Free Meeting Cost Calculator
A meeting cost calculator is a productivity analysis tool that estimates the total cost of a meeting by multiplying each attendee's hourly compensation rate by the meeting duration, making the hidden expense of meetings visible.
Total meeting cost
$192.31
Cost per minute
$3.21/min
Cost per attendee
$38.46
Effective hourly rate
$38.46/hr
Perspective: A modest cost. Make sure there's an agenda and clear outcomes to justify the investment.
How to use the Meeting Cost Calculator
- 1
Add attendees
Enter the number of people who will attend the meeting and their average hourly rate. If you know annual salaries instead, the calculator converts them automatically by dividing by 2,080 working hours per year.
- 2
Set the duration
Enter how long the meeting will last in minutes. Include buffer time if your meetings consistently run over — a 30-minute meeting that always goes to 45 minutes actually costs 50% more than planned.
- 3
See the cost
The calculator shows the total meeting cost, cost per minute, and cost per attendee. Use these numbers to evaluate whether the meeting's expected outcome justifies the expense, or whether an email, Slack thread, or shared document could achieve the same result at a fraction of the cost.
Who this tool is for
Team leads advocating for fewer, shorter meetings who need concrete data to back up their case. Agency owners tracking overhead costs who want to understand how much of their team's time (and therefore margin) goes to internal coordination. Consultants who want to make the case for async communication by showing clients how much their status meetings actually cost. Anyone who suspects their organization spends too much time in meetings will find that the dollar figure is often a more persuasive argument than saying 'we have too many meetings.'
FAQs about using the Meeting Cost Calculator
A 2022 study by Microsoft's WorkLab analyzing data from 31,000 workers found that time spent in meetings increased 252% since February 2020. Harvard Business School research published in the MIT Sloan Management Review found that when companies cut meetings by 40%, productivity increased by 71% and employee satisfaction rose by 52%. Shopify made headlines in 2023 by deleting 12,000 recurring meetings from employee calendars, estimating they recovered 322,000 hours of productive time annually — equivalent to adding 150 full-time employees.

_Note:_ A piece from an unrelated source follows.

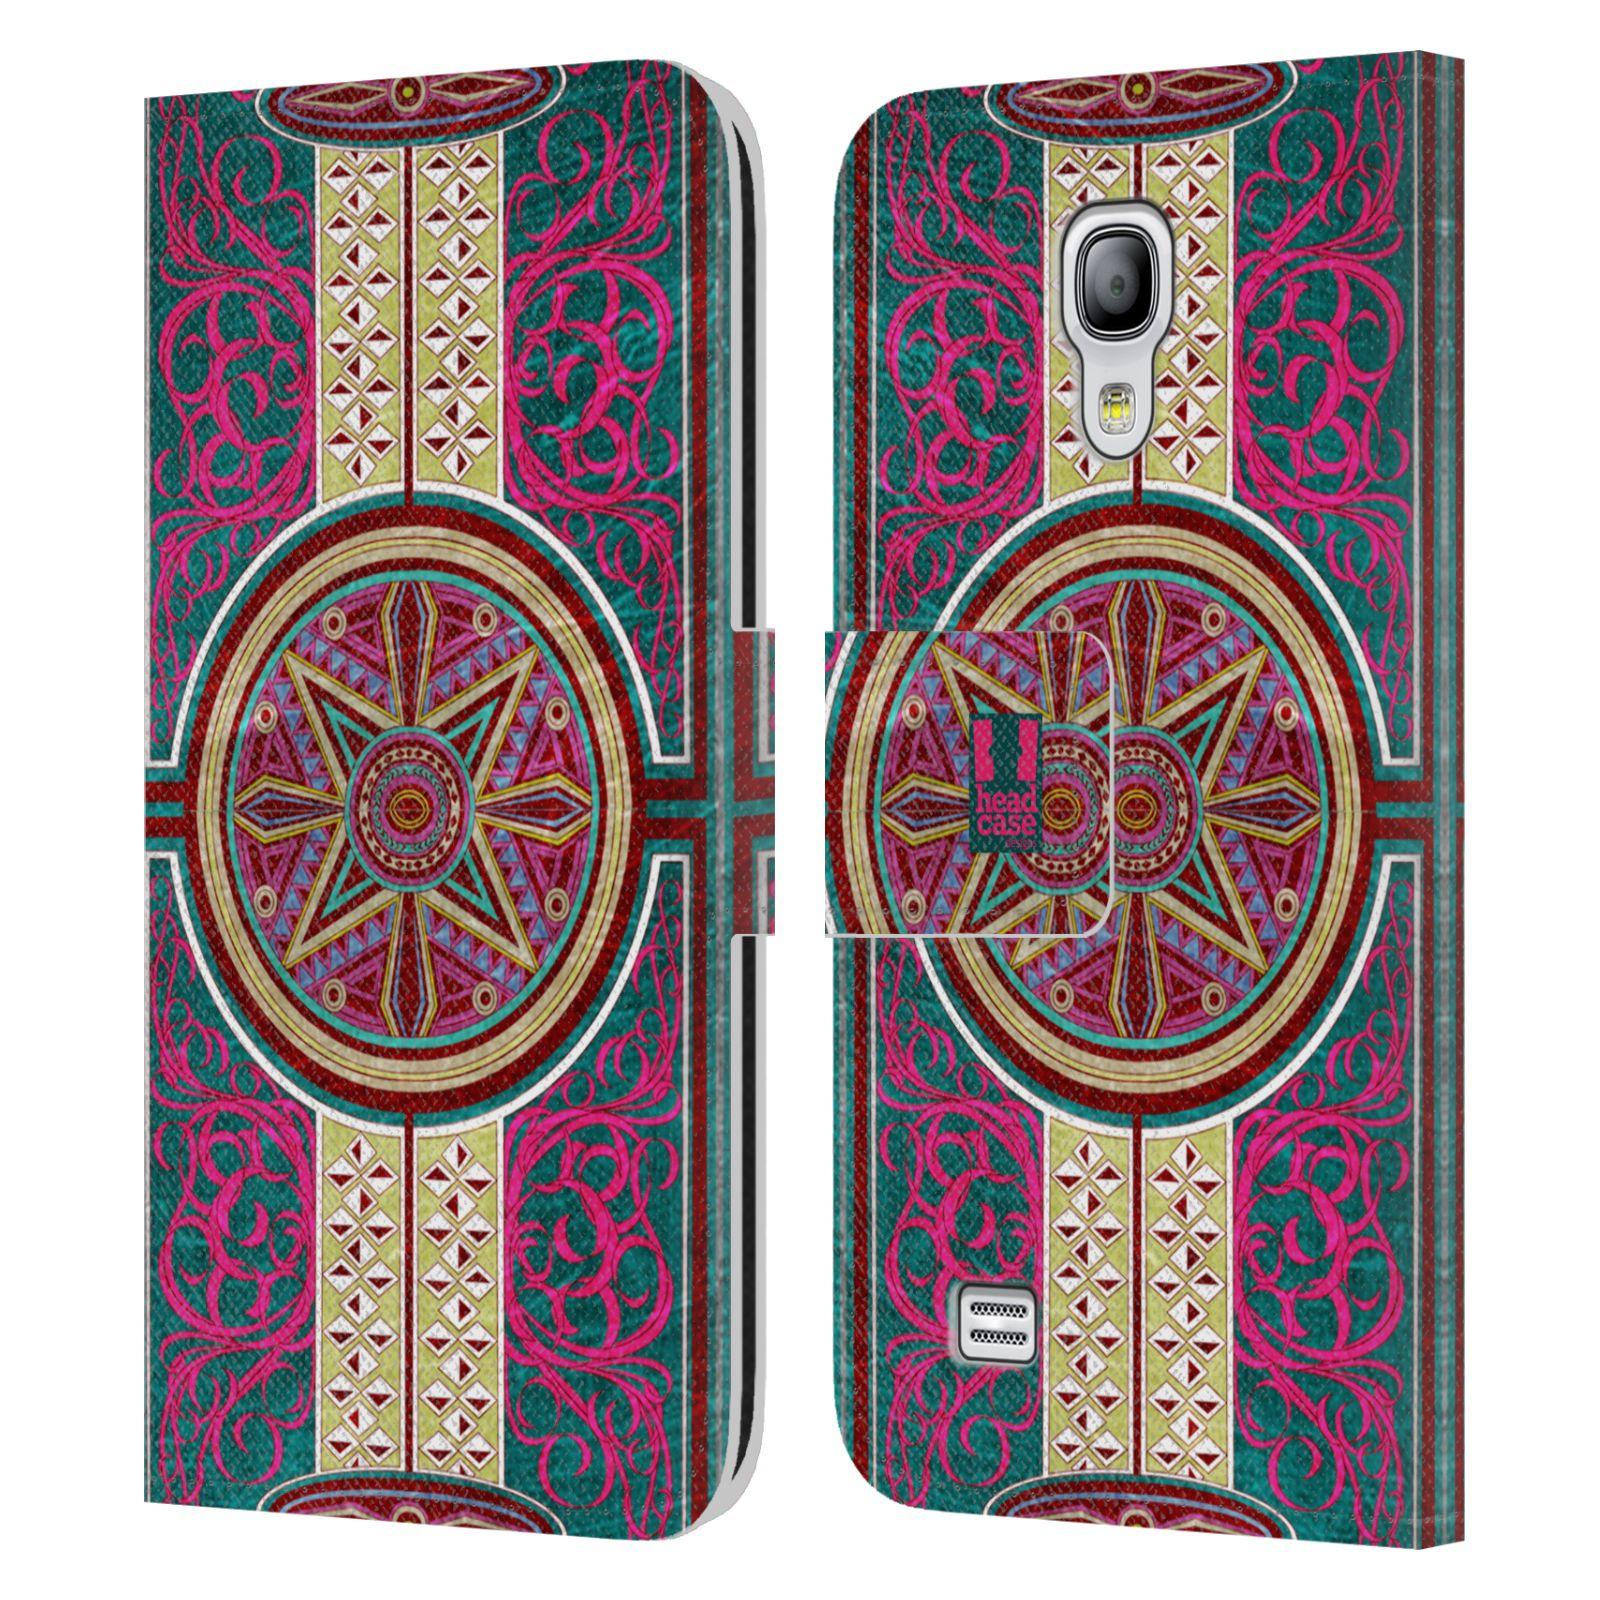 HEAD CASE Flipové pouzdro pro mobil Samsung Galaxy S4 MINI / S4 MINI DUOS ARABESKA Baroko rudá kruh

When teams see meeting costs expressed as dollar amounts rather than abstract 'time spent,' they make different decisions. Stripe famously displays a running cost ticker during meetings. Research from the University of North Carolina found that simply showing the accumulated cost of a meeting in real time caused participants to end meetings 18% sooner and reduced the average number of attendees by 2 people. The psychological shift from 'this is just 30 minutes' to 'this is a $1,200 expense' triggers more critical evaluation of whether the meeting is necessary.
The hourly rate on someone's paycheck significantly understates the actual cost. Fully-loaded cost includes base salary, benefits (typically 25–40% of salary in the US), payroll taxes (7.65% employer FICA), office space, equipment, software licenses, and management overhead. A common multiplier is 1.4–2x the base salary for total cost. An employee earning $100,000/year actually costs the company $140,000–$200,000/year, making their true hourly rate $67–$96/hour rather than the $48/hour their salary suggests.
The calculator handles this conversion automatically. It divides annual salary by 2,080 (52 weeks multiplied by 40 hours per week) to get a base hourly rate. For a more accurate fully-loaded cost that includes benefits, taxes, and overhead, multiply the base rate by 1.3 to 1.4 — this is what the meeting actually costs the company, not just what the employee takes home.
There's no universal number, but a useful rule of thumb is this: if a meeting costs more than the value of the decision it's meant to produce, it should be an email or async document instead. A $500 meeting to decide on a $200 software subscription is a misallocation. A $500 meeting to align on a $50,000 project direction is money well spent.
Three high-impact tactics: reduce the attendee list to only people who need to decide or contribute (observers can read the notes), shorten the default duration from 60 to 30 minutes (meetings expand to fill available time), and require an agenda — meetings without agendas tend to wander and run long. Even cutting one unnecessary recurring meeting saves thousands per quarter.
Meetings are worth the cost when you need real-time debate to reach a decision, when the topic requires reading body language and tone (sensitive feedback, conflict resolution), when brainstorming benefits from building on others' ideas live, or when alignment across 3+ people is needed simultaneously. Default to async (written updates, Loom videos, shared docs) for status updates, information sharing, FYI announcements, and decisions that one person can make after gathering input. The test: 'Could this be an email?' If yes, it should be.